AFP: If a company operates an in-house bank domiciled in Hong Kong, what areas do corporates need to consider (e.g. separate legal entity requirement, currency restriction and withholding tax on interest) in terms of doing notional pooling, cash pooling, intercompany netting, across various Asian countries—primarily APAC?

Enoch Fung: Hong Kong provides a regulatory environment conducive to corporate treasury activities. Corporate treasury activities listed in the question are considered ordinary commercial activities in Hong Kong. There is no specific legal entity requirement to set up a CTC unless a corporate is considering specifically applying for the 50 percent profits tax concession for qualifying CTCs. Hong Kong is also one of the few jurisdictions in Asia which do not impose any control on capital flows or foreign exchange transactions. There is no restriction for corporates in Hong Kong to make cross-border fund movements.

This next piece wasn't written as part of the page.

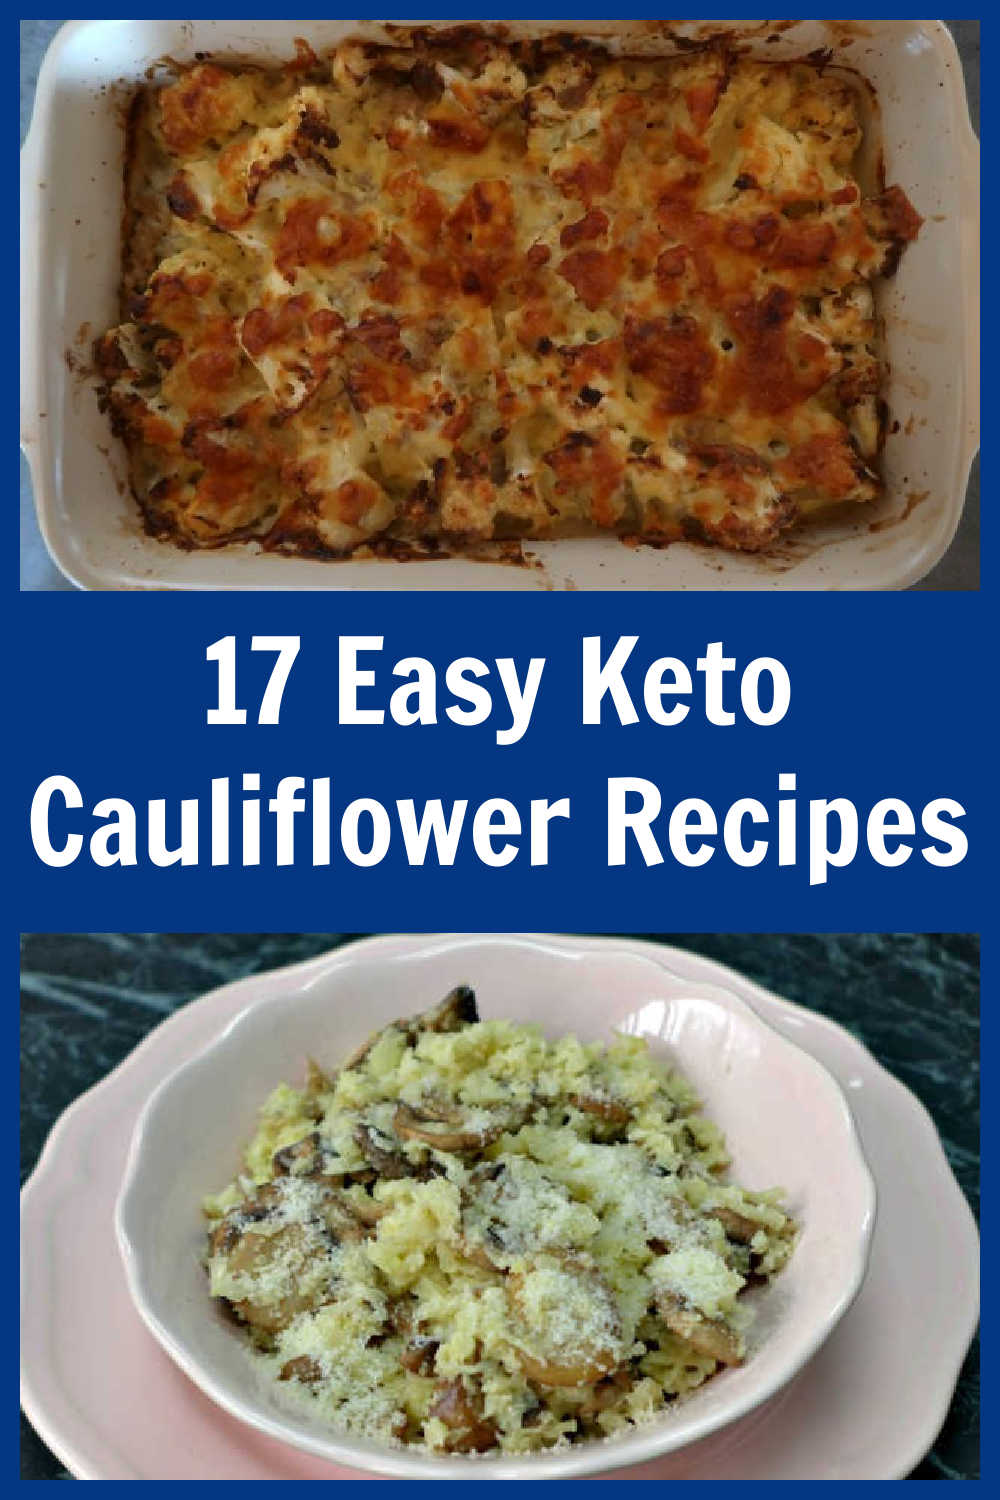 Keto Cauliflower Recipes - 17 Of The Best Easy Low Carb Friendly Meal Ideas - Including a Cheesy Loaded Casserole, Rice and Mash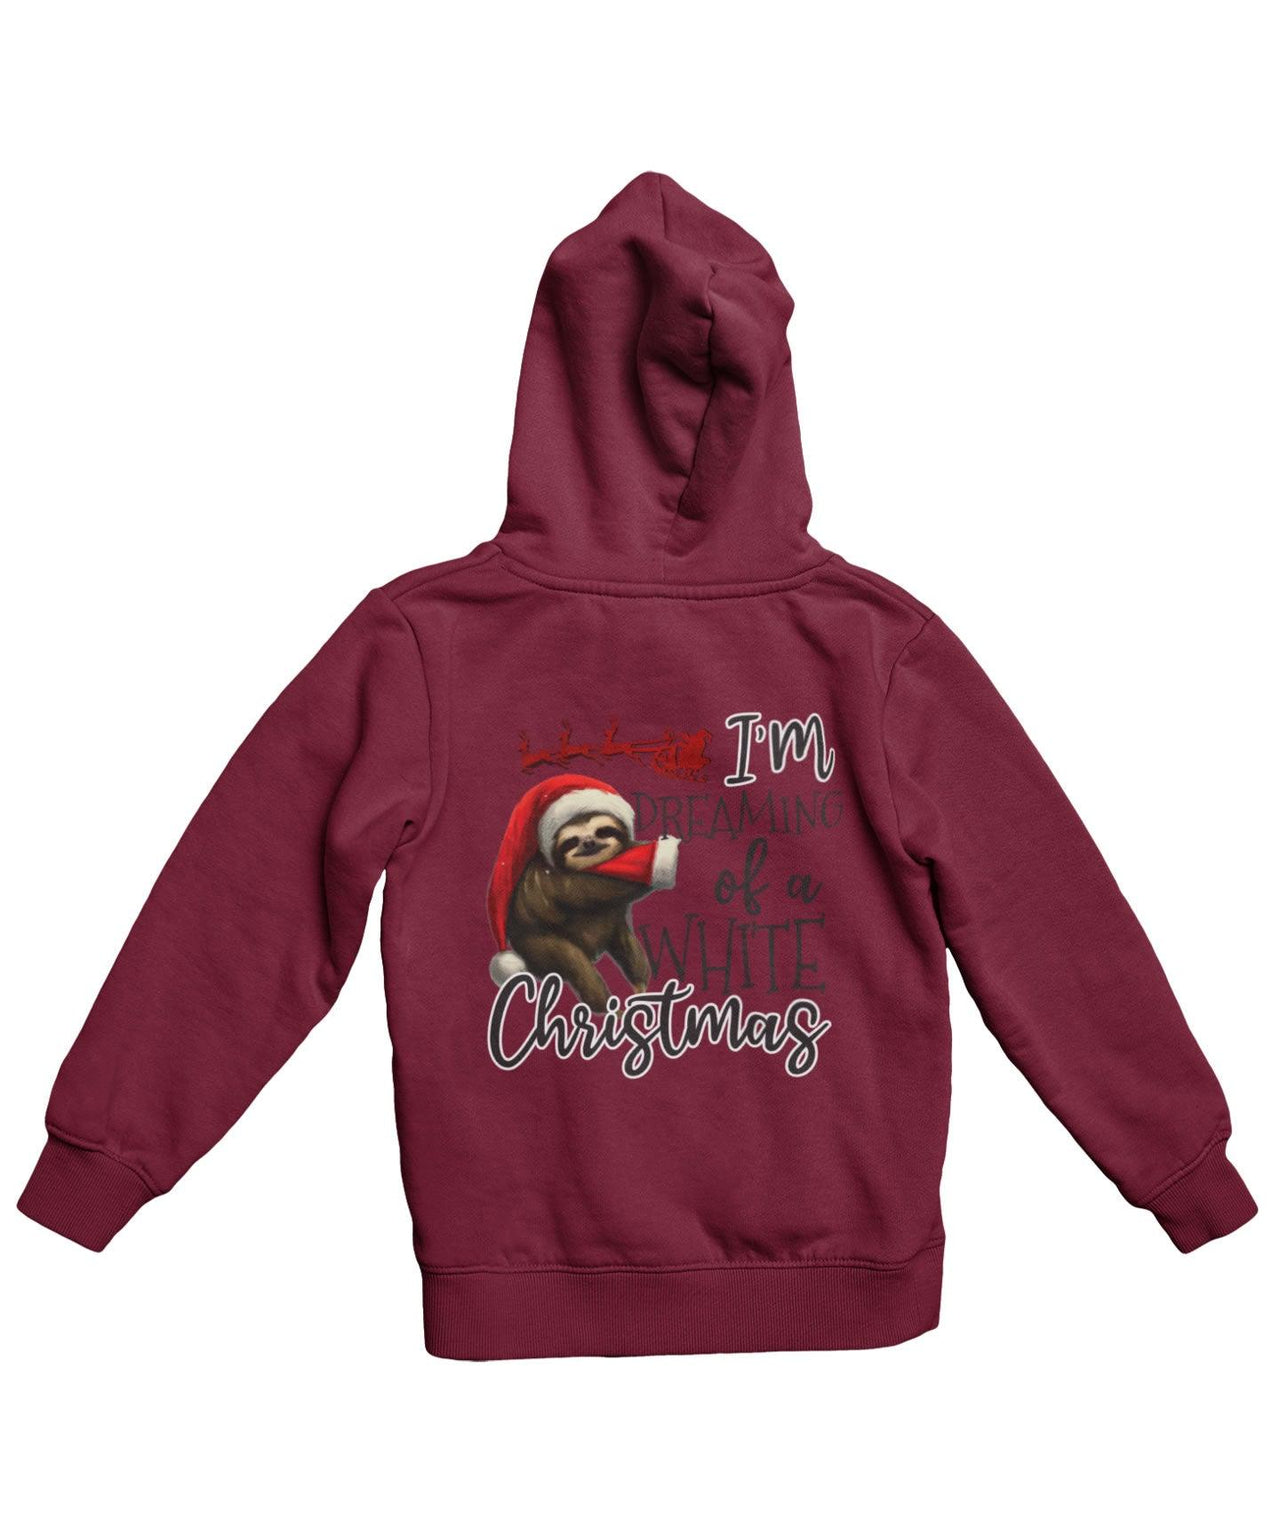 Sloth Dreaming Of A White Christmas Back Printed Sloth Hoodie For Men and Women 8Ball

As mentioned before, Hong Kong does not impose withholding tax on interests and dividends, which is an important advantage when it comes to cross-border cash pooling. Regarding the withholding tax charged by other jurisdictions, Hong Kong has so far signed Comprehensive Double Taxation Agreements (CDTAs) with 40 jurisdictions, with an aim to expanding the network to over 50 jurisdictions in the coming years. These CDTAs can help corporates further alleviate their withholding tax costs. Many of these CDTAs also provide highly competitive withholding tax rates when compared to some other jurisdictions in the region.

AFP: How can corporates leverage Hong Kong’s financing markets? How does the Hong Kong government attract corporates issuing bonds in Hong Kong?

Enoch Fung: Hong Kong has long been an ideal financing hub in Asia, leveraging our well-developed financial platform, good mix of investors and issuers coming from local and international markets, as well as availability of professional service providers. Hong Kong’s stock market ranked No. 1 globally in IPO fundraising in five out of last 10 years. Hong Kong is also a major banking hub in Asia, with total banking assets amounting to around US$3 trillion in 2017. G3 and local currency bond issuance in Hong Kong totalled US$467 billion, ranking third among countries/economies in Asia ex. Japan, just behind Mainland China and Korea.

To promote bond market development in Hong Kong, the government and the HKMA have been introducing various initiatives with a view to further developing the infrastructure and attracting issuers and investors to participate in the Hong Kong bond market. In terms of measures to attract new issuers, we have earlier rolled out the Pilot Bond Grant Scheme, which offers grant to first time issuer to cover half of their issuance expenses for conducting bond issuance in Hong Kong. To promote bond investment, we are also enhancing the Qualifying Debt Instrument Scheme, to expand the scope of bonds eligible for profits tax exemption in relation to interest and trading incomes. We encourage corporates, including those with presence or operations in Hong Kong, to make good use of Hong Kong's bond financing platform to raise funding for their business development.

AFP: It’s interesting that “green finance” is one of the focuses of the HKMA in market development. How can corporates benefit from this?

Enoch Fung: Hong Kong has a growing green bond market. In the first six months in 2018, at least 15 green bonds were issued in Hong Kong, with an aggregate size of nearly USD 8 billion, by notable issuers from multilateral development banks and private sectors from Hong Kong, Mainland China and abroad. The Hong Kong Government will launch a green bond issuance programme with a borrowing ceiling of $100 billion to create demonstrative effect to encourage more issuers to arrange financing for their green projects through Hong Kong capital markets.

Green bond offers an alternative financing channel for corporates. In particular, green bond issuers can benefit from the Green Bond Grant Scheme (GBGS), a subsidy from the government for obtaining certification under the Green Finance Certification Scheme (GFCS) established by the Hong Kong Quality Assurance Agency. Besides, the Pilot Bond Grant Scheme, which subsidises first-time bond issuance in Hong Kong, also covers green bonds. These supportive measures will reduce corporates’ costs in issuing green bonds in Hong Kong, thus implying lower financing costs for corporates.